How to complete this task - Before copying, set the pictures aside; then repeat every line below verbatim.

═════ Source material

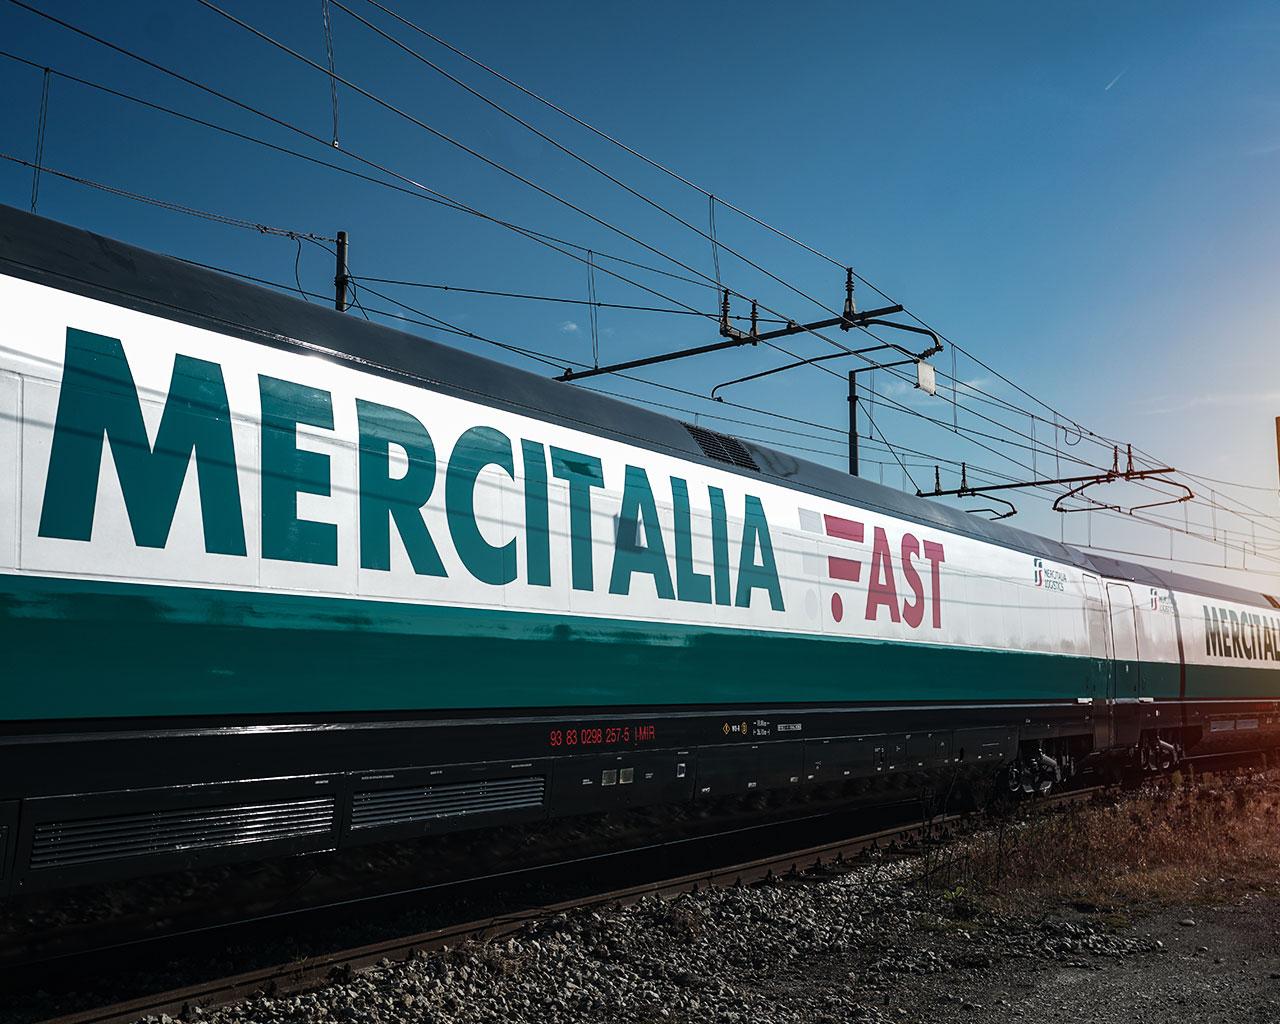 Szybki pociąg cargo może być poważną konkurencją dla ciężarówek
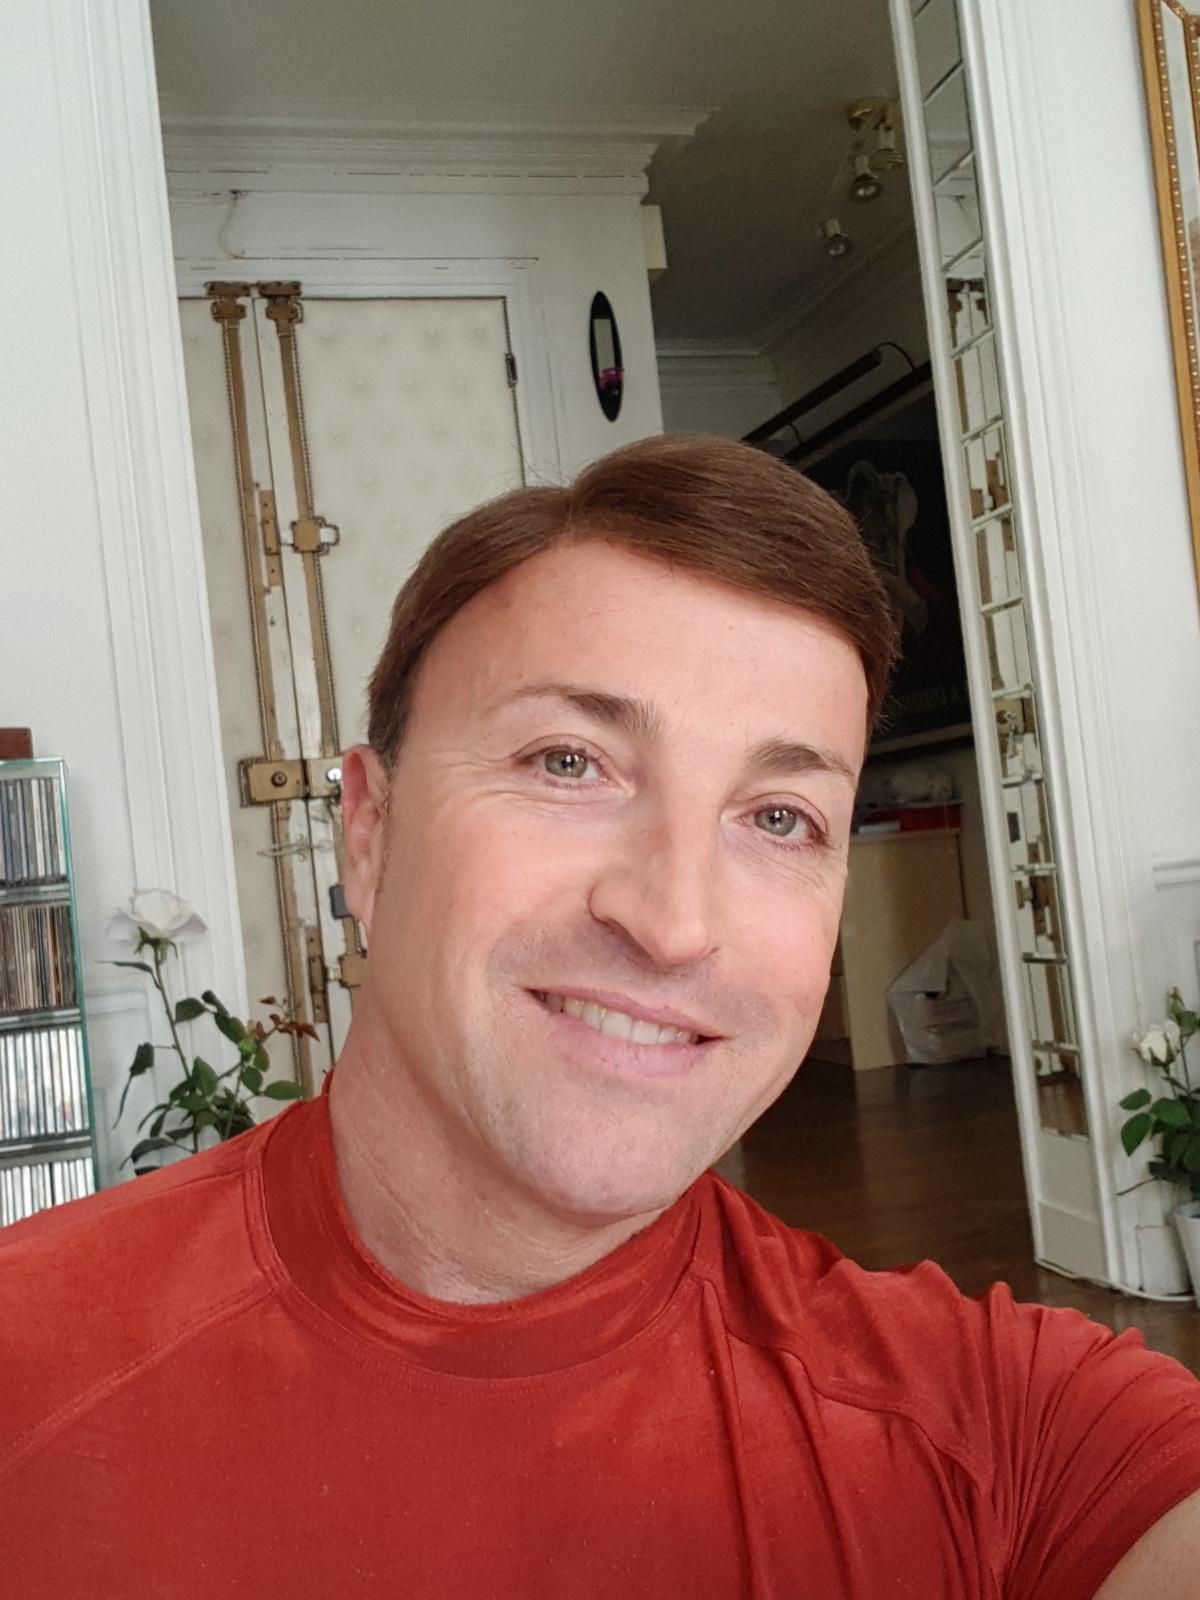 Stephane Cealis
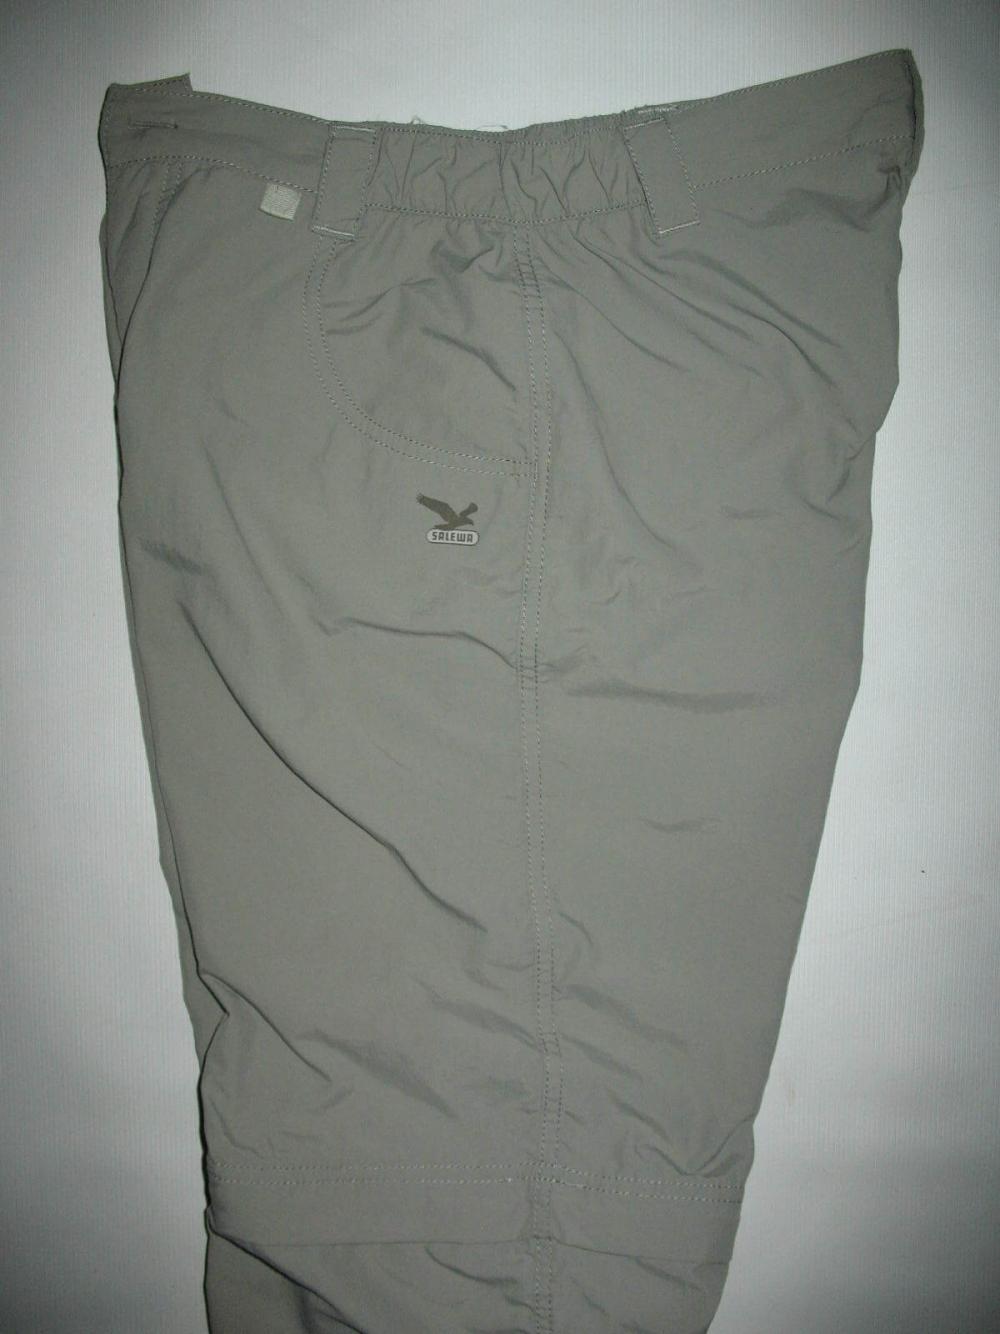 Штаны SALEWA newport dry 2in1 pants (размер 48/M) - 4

══════════

Reply -
 Szybki pociąg cargo może być poważną konkurencją dla ciężarówek
 Stephane Cealis
 Штаны SALEWA newport dry 2in1 pants (размер 48/M) - 4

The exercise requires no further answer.